Defining a Dataset for IMDB Data
There are several ways to serve up training data to an LSTM network. The demo uses the PyTorch Dataset with DataLoader technique. You must define a custom Dataset to match the format of the training data:

class IMDB_Dataset(T.utils.data.Dataset):
  def __init__(self, src_file):
    all_xy = np.loadtxt(src_file, usecols=range(0,51),
      delimiter=" ", comments="#", dtype=np.int64)
    tmp_x = all_xy[:,0:50]   # cols [0,50) = [0,49]
    tmp_y = all_xy[:,50]     # all rows, just col 50
    self.x_data = T.tensor(tmp_x, dtype=T.int64) 
    self.y_data = T.tensor(tmp_y, dtype=T.int64)

The __init__() method reads in all the data from the specified file and stores the word/token IDs in self.x_data, and stores the class labels in self.y_data. The demo uses the numpy loadtxt() function to reads numeric data. There are many alternatives, including using a Pandas library DataFrame.

The __getitem__() method accepts an index and returns a single item's input values, and the associated class label, as a tuple. Alternatives include returning values as a Dictionary or in a List or in an Array.

The demo feeds the IMDB Dataset to a DataLoader:

  train_file = ".\\Data\\imdb_train_50w.txt"
  train_ds = IMDB_Dataset(train_file) 
  bat_size = 8
  train_ldr = T.utils.data.DataLoader(train_ds,
    batch_size=bat_size, shuffle=True, drop_last=True)

The drop_last=True argument means that if the total number of data items is not evenly divisible by the batch size, the last batch will be smaller than all the other batches, and it will not be used. The shuffle=True argument is important during training so that the weight updates don't go into an oscillation which could stall training. The DataLoader class has nine other parameters, but they are rarely used.

The DataLoader serves up batches of training data like so:

  max_epochs = 20
  for epoch in range(0, max_epochs):
    for (batch_idx, batch) in enumerate(train_ldr):
      X = T.transpose(batch[0], 0, 1)
      Y = batch[1]
      . . .

A critically important detail is that the predictor input values must be transposed before they're sent to the LSTM network and the initial Embedding layer. Dealing with LSTM input and output shapes is tricky and time consuming.

Defining an LSTM Network
LSTM networks accept a sequence of values. The output is an abstract numerical representation of the sequence. The LSTM output can be used in several ways. The demo program feeds the LSTM output to a standard neural network that condenses the output to two values that represent the likelihood of class 0 and class 1.
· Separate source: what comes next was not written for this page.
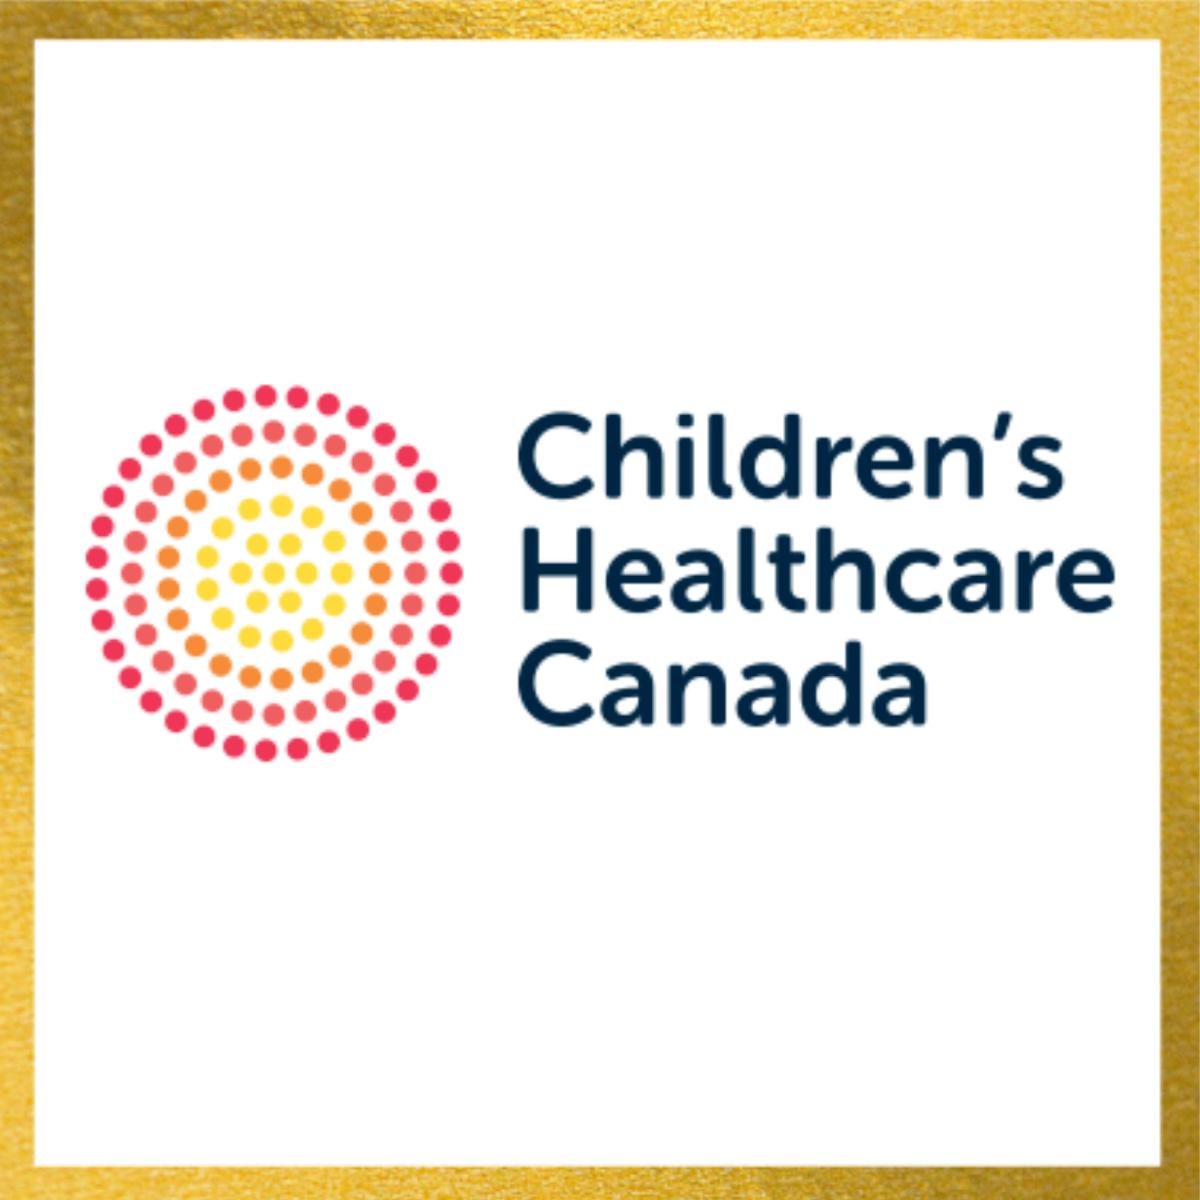 Children's Healthcare Canada

A generic LSTM cell module (without the neural network add-on) is shown in Figure 2. The lower case "t" stands for time step in the sequence of inputs. The output for the current item x(t) is h(t) and it depends on the previous output h(t-1) and the current cell state c(t). Each of the output values is appended to a list. Note that the current output value h(t) is the same as the last value in the output list.

Figure 2: An LSTM Module
[Click on image for larger view.] Figure 2: An LSTM Module

The demo program defines the LSTM network as:

class LSTM_Net(T.nn.Module):
  def __init__(self):
    super(LSTM_Net, self).__init__()
    self.embed = T.nn.Embedding(129892, 32)
    self.lstm = T.nn.LSTM(32, 100)
    self.fc1 = T.nn.Linear(100, 2)  # 0=neg, 1=pos

All of the LSTM values are hard-coded for clarity. The Embedding layer converts each token ID (such as "and" = 5) into a vector of 32 values. There are 129,892 possible token IDs. The embedding dimension is a hyperparameter. In a non-demo scenario, 200 is a common size for embedding.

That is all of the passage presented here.